A staff member handles AstraZeneca COVID-19 vaccines stored at the Hovedstaden Region Vaccine Center, Copenhagen, Denmark, on February 11, 2021. Ritzau Scanpix / Liselotte Sabroe via REUTERS
Denmark said on Thursday it had not yet decided what to do with AstraZeneca’s remaining COVID-19 vaccines (AZN.L) after a senior World Health Organization figure suggested the Nordic country would share them with other nations.
This week, Denmark became the first country to stop using the AstraZeneca vaccine as European officials investigate reports of rare blood clots combined with a low platelet count that occurred in Europe and Britain. Read more
The decision has sparked debate in Denmark over what to do with vaccines.
Opposition parties argue that the authorities should still make the shot available to Danes willing to take it. The government has asked health authorities to examine this option.
Denmark currently has just over 200,000 vaccines, but will receive 3.5 million according to previous agreements, the State Serum Institute told Reuters.
“The government has not yet decided what to do with the vaccines purchased AstraZeneca,” the Danish Ministry of Health said in an email to Reuters.
The Norwegian government said on Thursday that it will take longer to assess whether use of the AstraZeneca vaccine is resumed or stopped altogether.

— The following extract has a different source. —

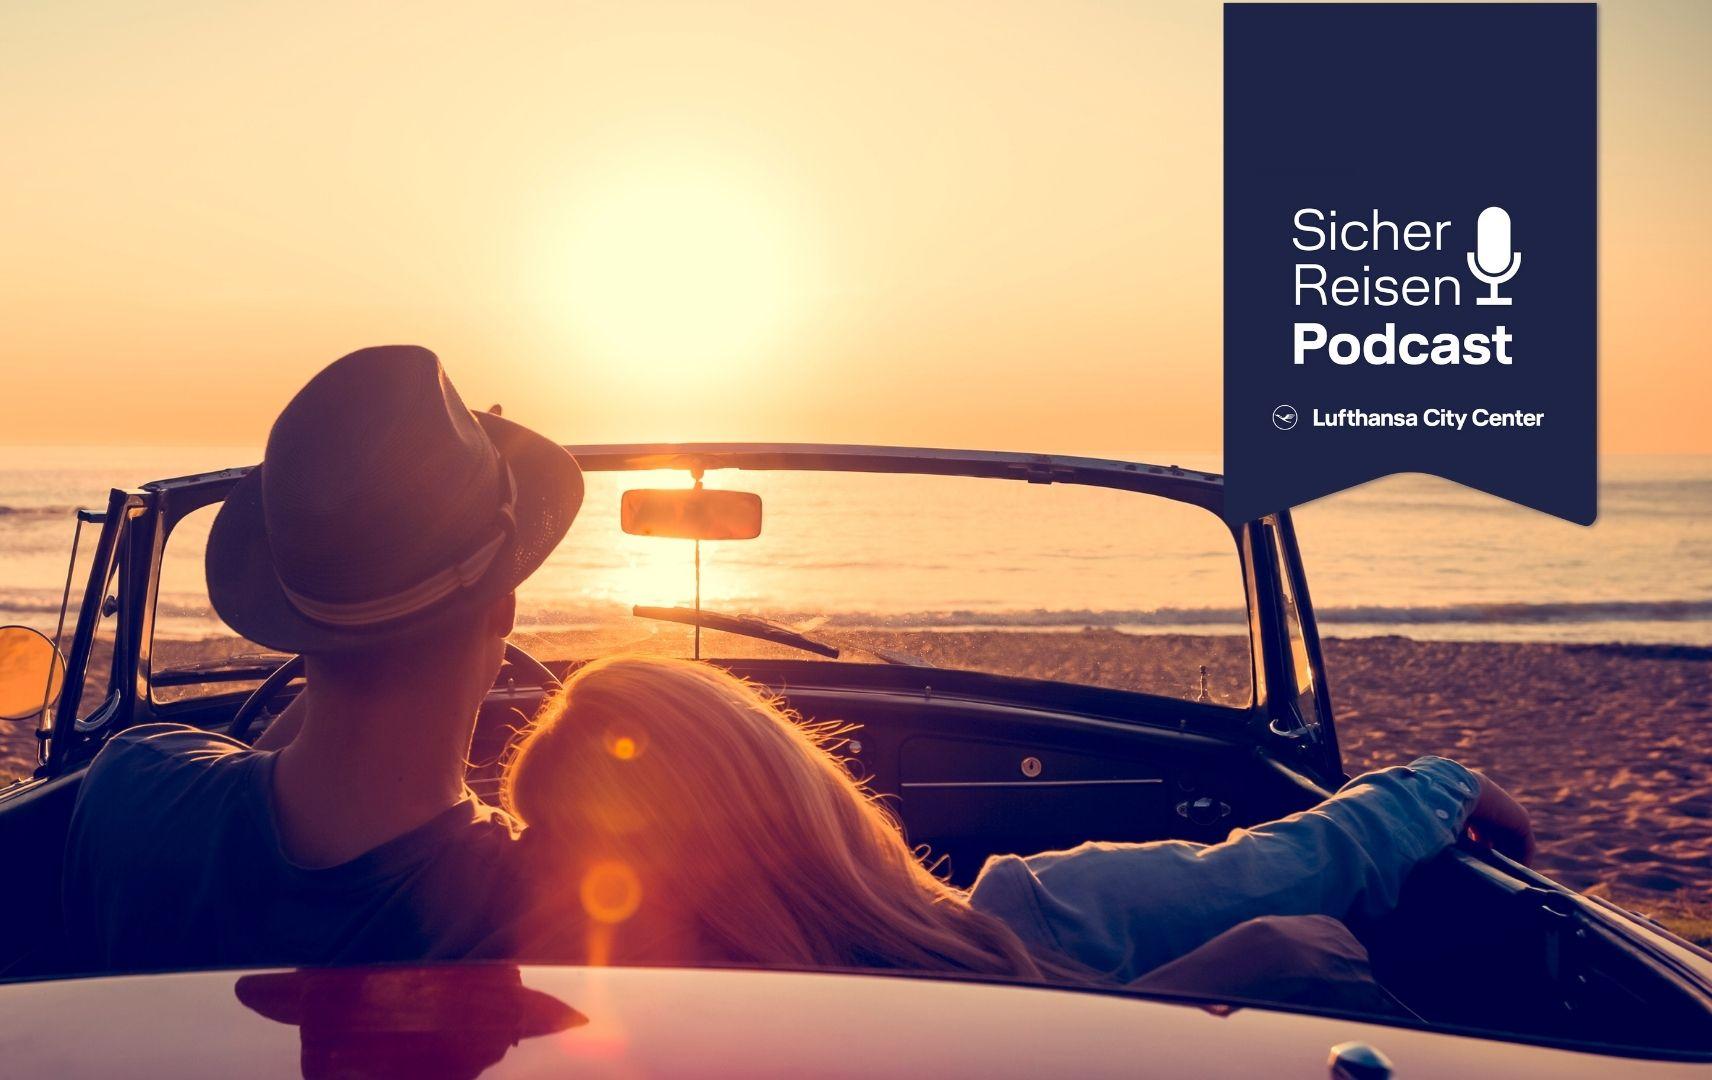 Pärchen im Auto im Urlaub, Sicher Reisen Podcast

Read more
The WHO, which along with Britain and the European Medicines Agency (EMA) continues to recommend shooting AstraZeneca as the benefits outweigh the risks, has been pressuring countries not to hoard vaccines they are not using.
World Bank President David Malpass on Thursday called on countries to bring their “excessive” doses of COVID-19 vaccines to low-income countries.
To date, most vaccines distributed worldwide have been targeted at richer countries.
“I understand that Denmark’s foreign ministry is ready for, or is already looking at options for, sharing AstraZeneca vaccines with other countries,” Hans Kluge, WHO’s director in Europe, told reporters on Thursday after conversations with the director of the Danish Health Authority, Soren Brostrom.
Lithuanian Prime Minister Ingrida Simonyte said her country would gladly take the shots: “We still have fewer vaccines than people who want to be vaccinated. Therefore, Lithuania has been willing to take so many doses of Astra. Zeneca, as Denmark is willing to share “.